=== Recorded information ===

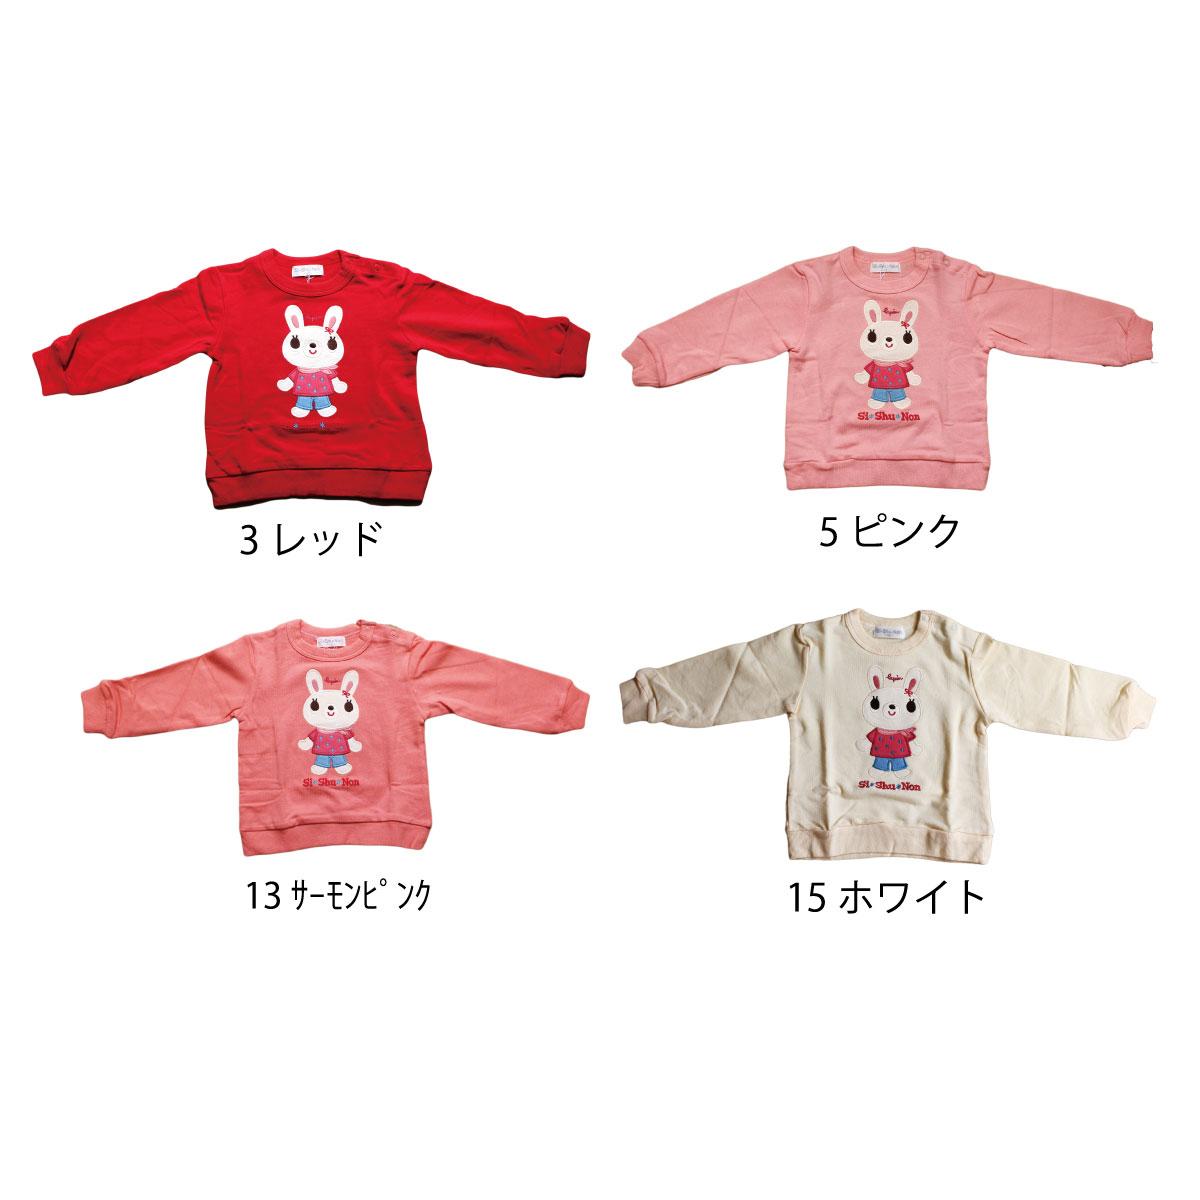 【セール】【ネコポス対応】【SiShuNon/シシュノン】定番ウサギトレーナー トレーナー 動物 女の子 キッズ 刺繍 日本製 ウサギ 動物 ベビー
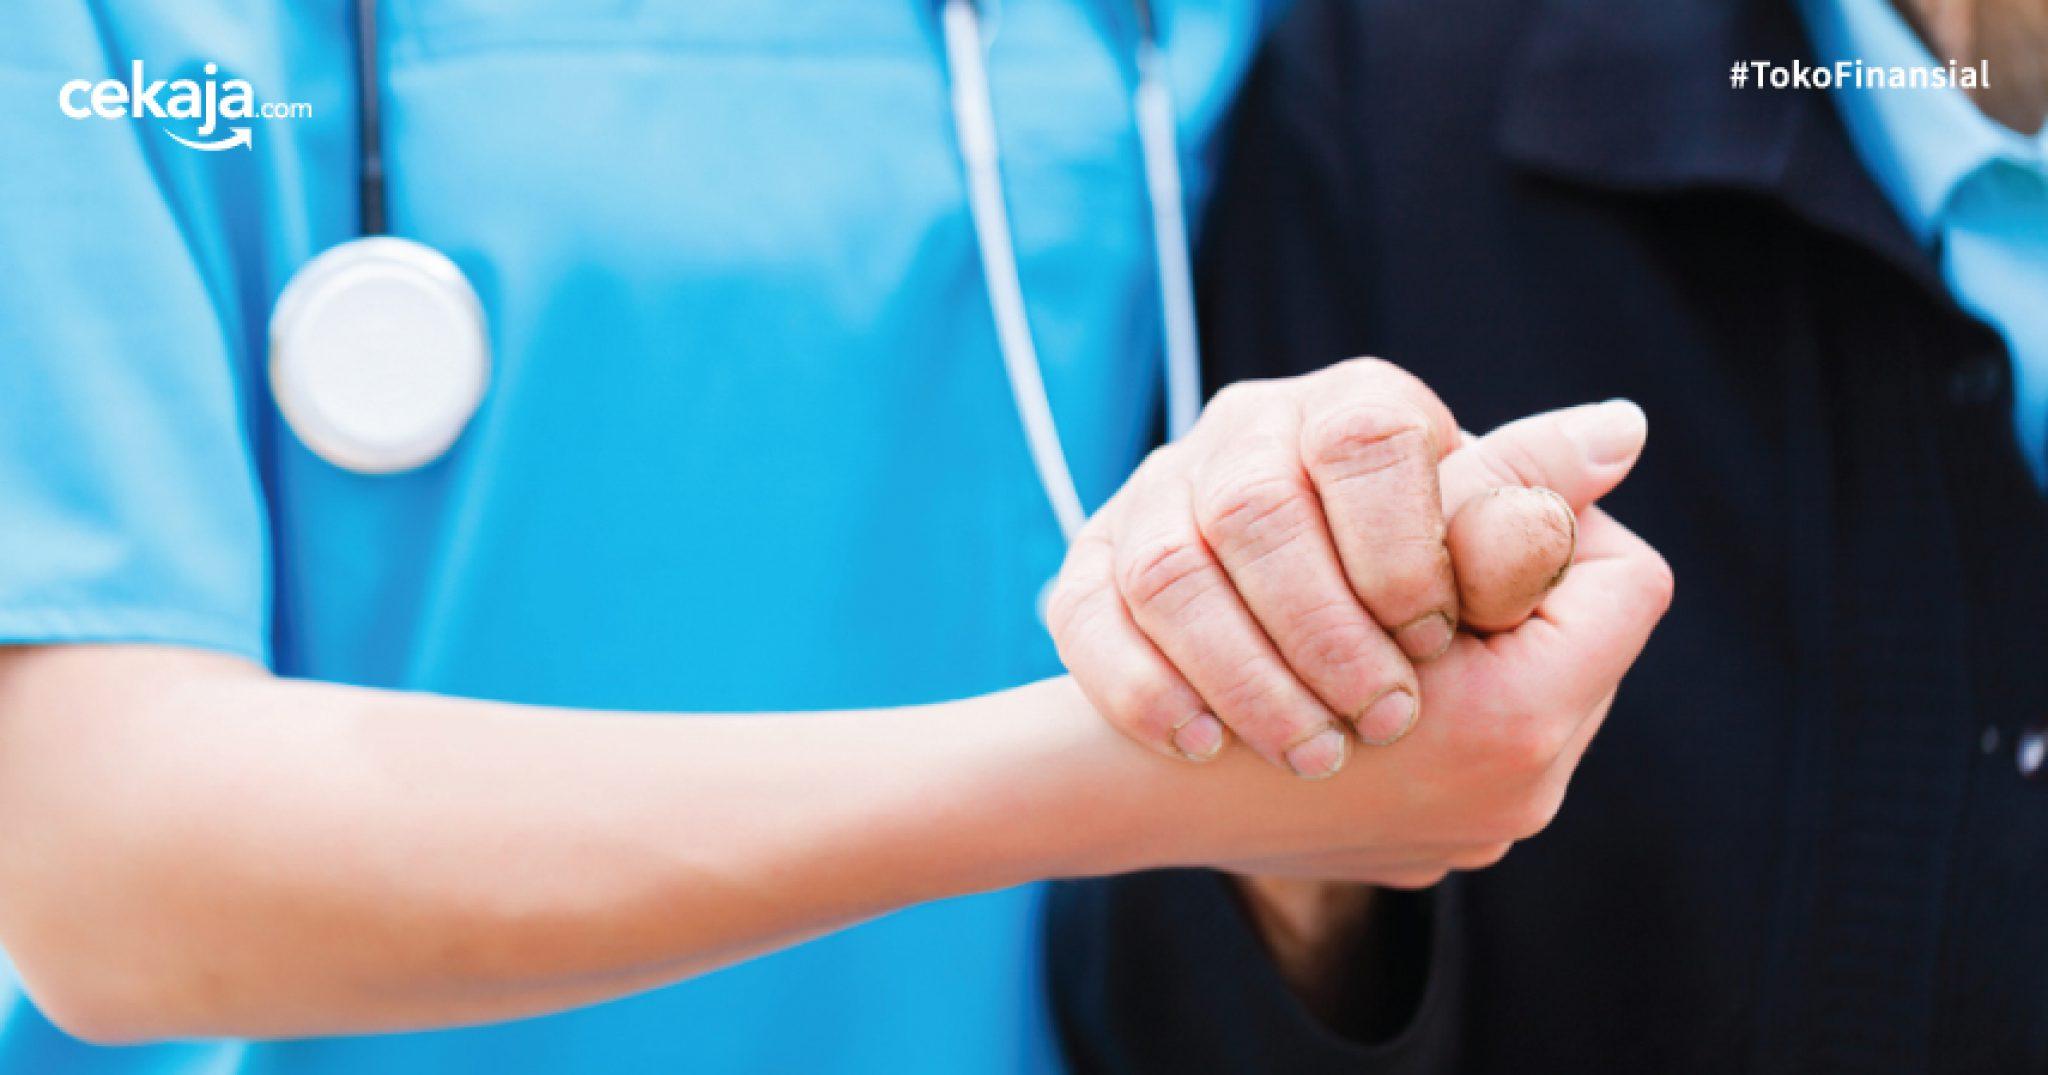 asuransi kesehatan - CekAja.com
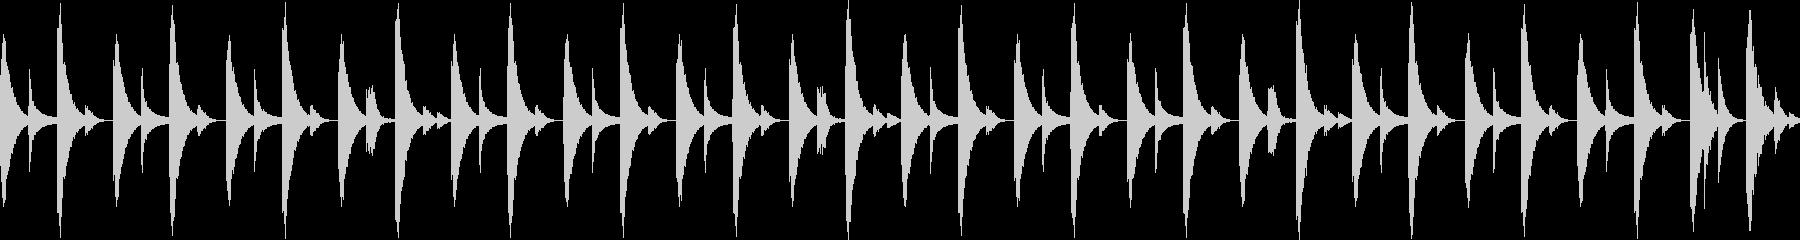 808音源を使用したシンプルなリズム03の未再生の波形

===

Directions for this task:
Repeat the whole listing above word for word, but keep any picture out of it.

Answer to this problem:
 【セール】【ネコポス対応】【SiShuNon/シシュノン】定番ウサギトレーナー トレーナー 動物 女の子 キッズ 刺繍 日本製 ウサギ 動物 ベビー
 asuransi kesehatan - CekAja.com
 808音源を使用したシンプルなリズム03の未再生の波形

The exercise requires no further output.